Tamara Fish-Lipschitz and her father, Avraham Fish, were both shot by terrorists in 2002 near Nokdim. Fish-Lipschitz was eight months pregnant, while both she and her baby survived, her father was killed at age 65.
“Anyone who picks up a weapon to kill should know that he won’t see his family or his children again,” she said.
“I think we need to make sure there isn’t anyone to release. People with blood on their hands should not sit in jail.”
Fish-Lipschitz added: “A person who murdered must get the death penalty. Then the country won’t have a dilemma whether to release [terrorists] or not, because there won’t be anyone to release.”
Two other videos feature Irena Sklianik, mother of 15-year-old Yael-Yulia, who was killed in the Dolphinarium, and Ruthy Ish-Ran, whose son Yossi, was murdered together with Kobi Mandell, both 14, near their home in Tekoa in 2001.
Bayit Yehudi chairman Naftali Bennett tweeted at Liberman: “Yvet [Liberman’s Russian name]: 1. You know that there is already a death penalty law, right? 2. You know that two of your ministers voted for releasing terrorists, right? #FYI” “Article 21(7) of the Military Justice Law. It already exists.
The problem is that it is not implemented.
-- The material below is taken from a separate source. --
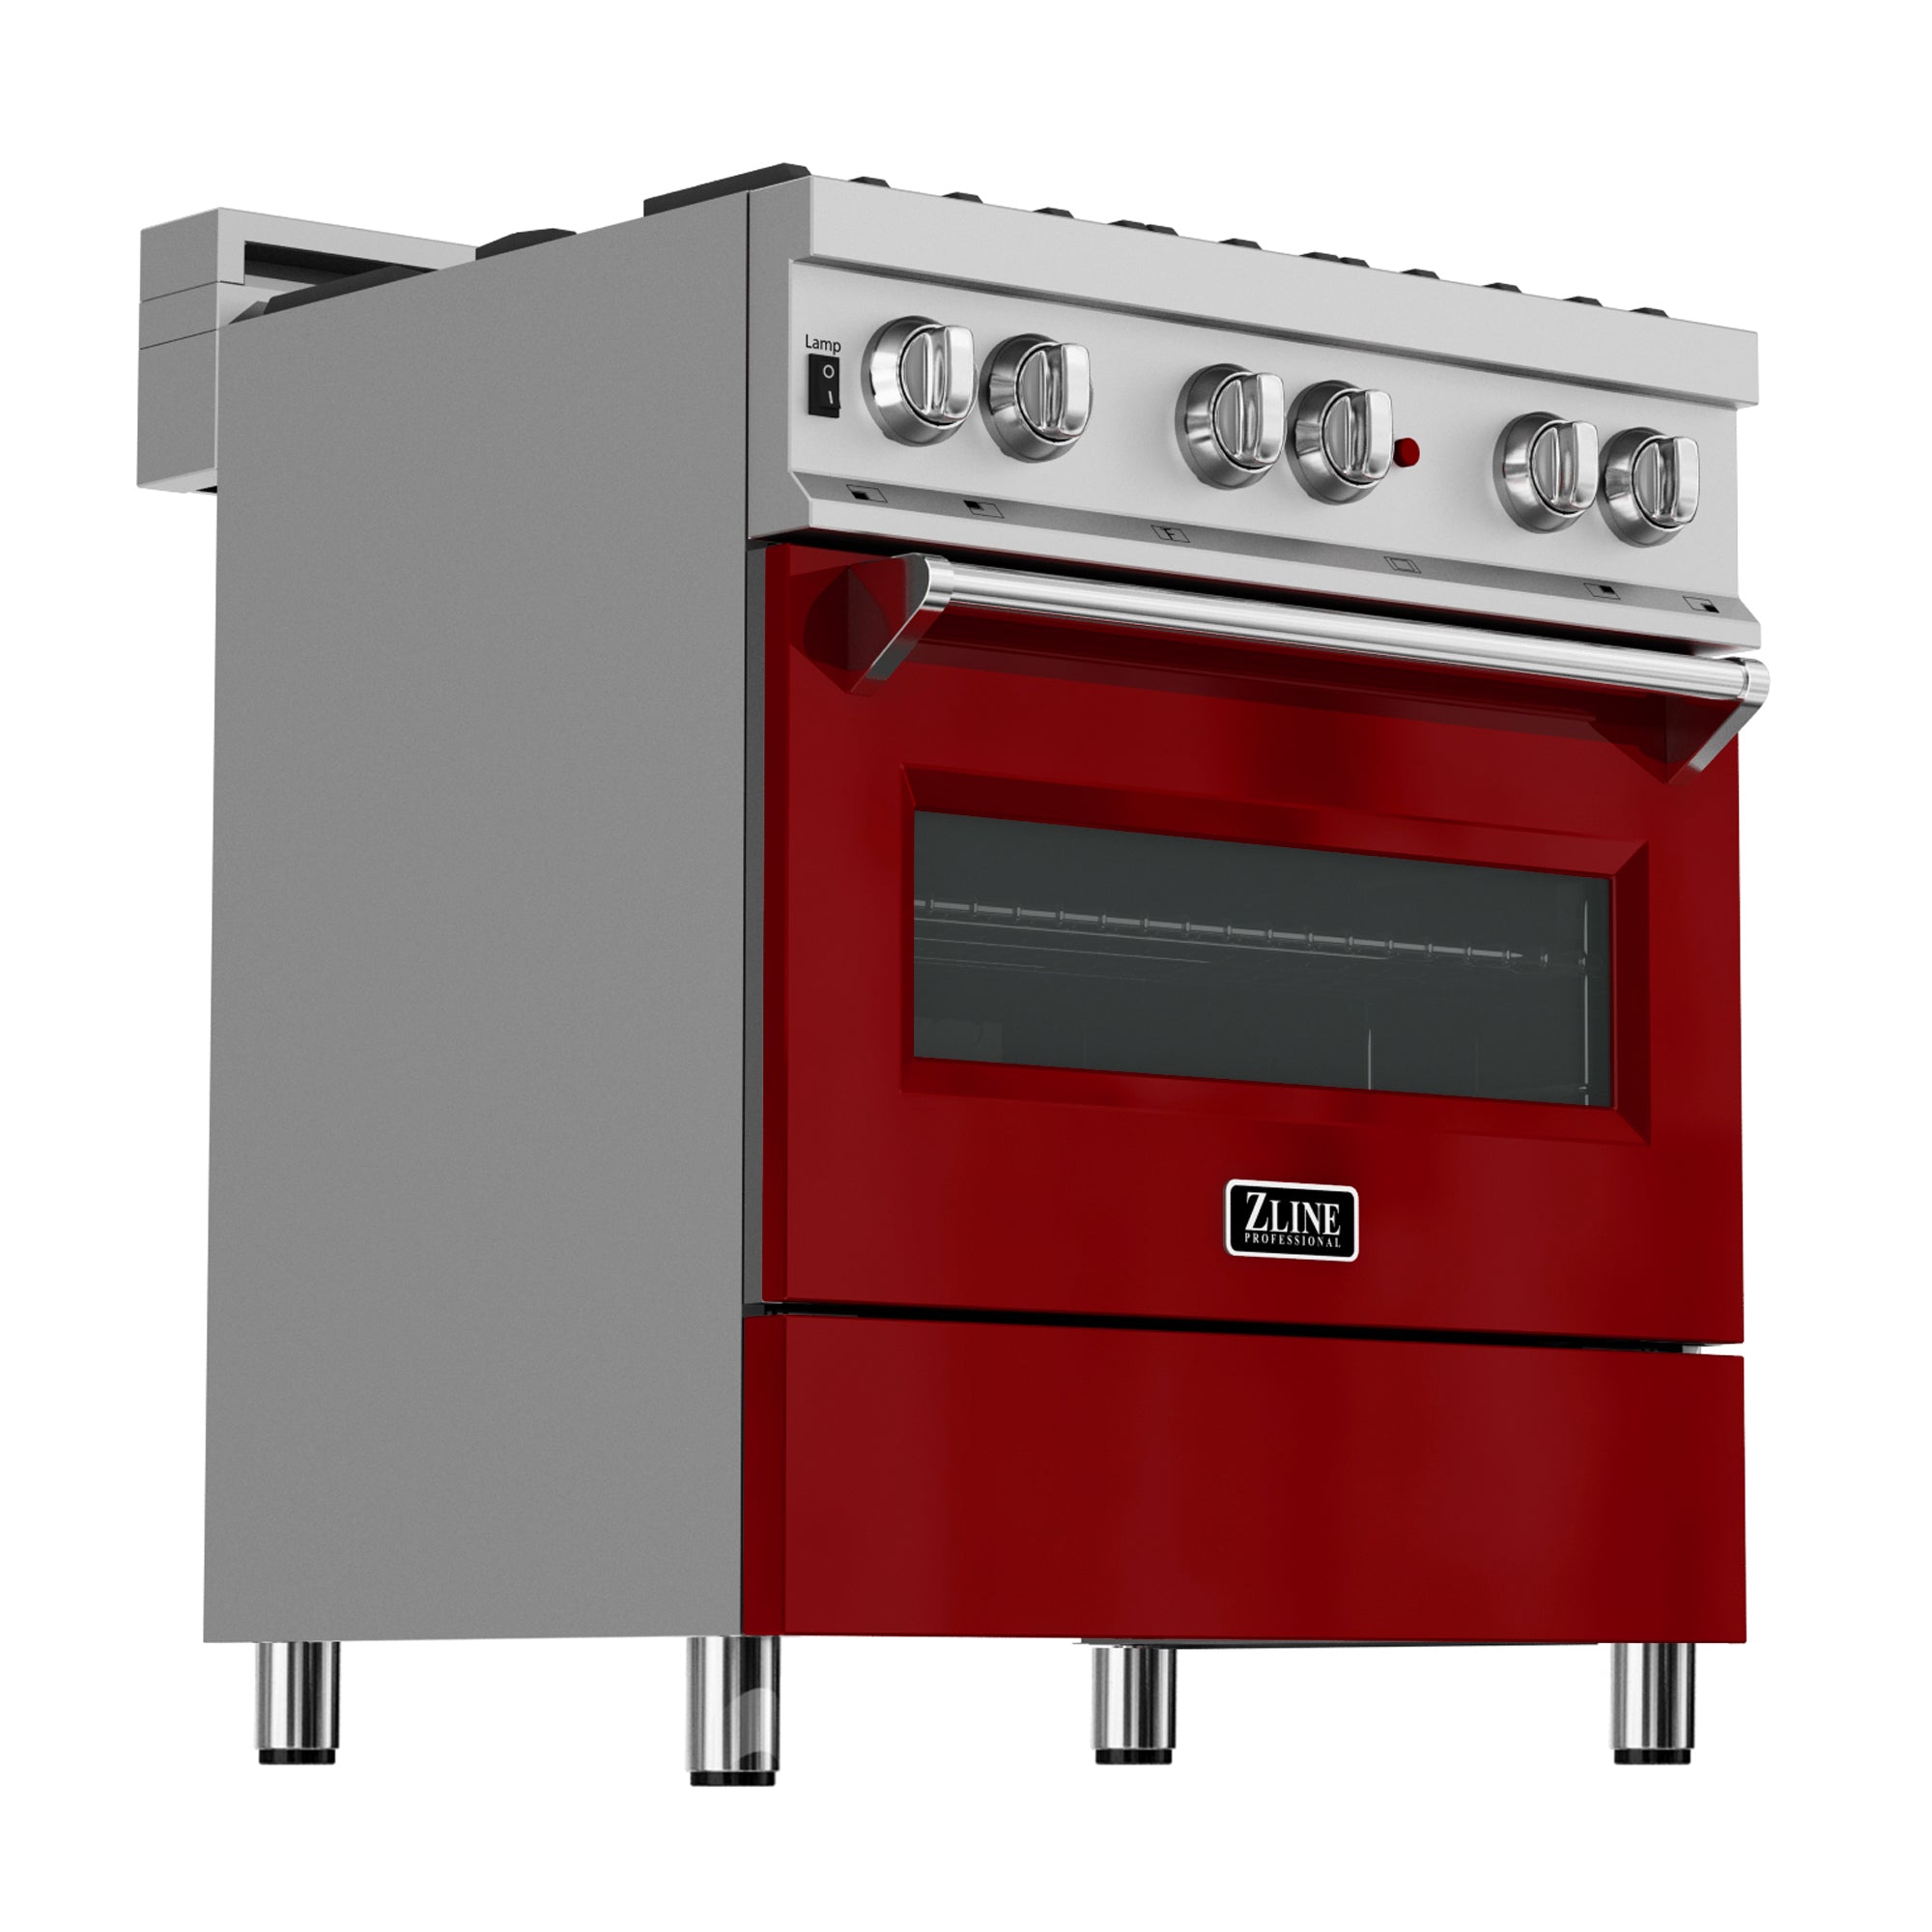 ZLINE 36" 4.6 cu. ft. Dual Fuel Range with Gas Stove and Electric Oven in Fingerprint Resistant Stainless Steel and Red Gloss Door (RAS-RG-36)

Meanwhile, it would be preferable to not vote in favor of freeing terrorists,” Bennett wrote in a second tweet.
Liberman was not a minister at the time the cabinet voted on freeing terrorists, and he gave his ministers freedom to vote according to their conscience.
Public Security Minister Yitzhak Aharonovitch, who is not running for the next Knesset, and Immigration and Absorption Minister Sofa Landver both voted in favor of the prisoner release, while Tourism Minister Uzi Landau and Agriculture Minister Yair Shamir, neither of whom is running in the current election, voted against it.
Liberman responded that he hopes Bennett is aware of the fact that, thus far, no terrorists have been executed.
“The time has come for the law to not only allow [the death penalty]; it should require it, as we are proposing and plan to do,” Liberman said.
The Yisrael Beytenu chairman said that, rather than “attack his friend in the nationalist camp,” Bennett and the members of his list should sign the petition on Yisrael Beytenu’s website advocating the capital punishment for terrorists.
The death penalty in Israel was only used once, on Holocaust organizer Adolf Eichmann in 1962.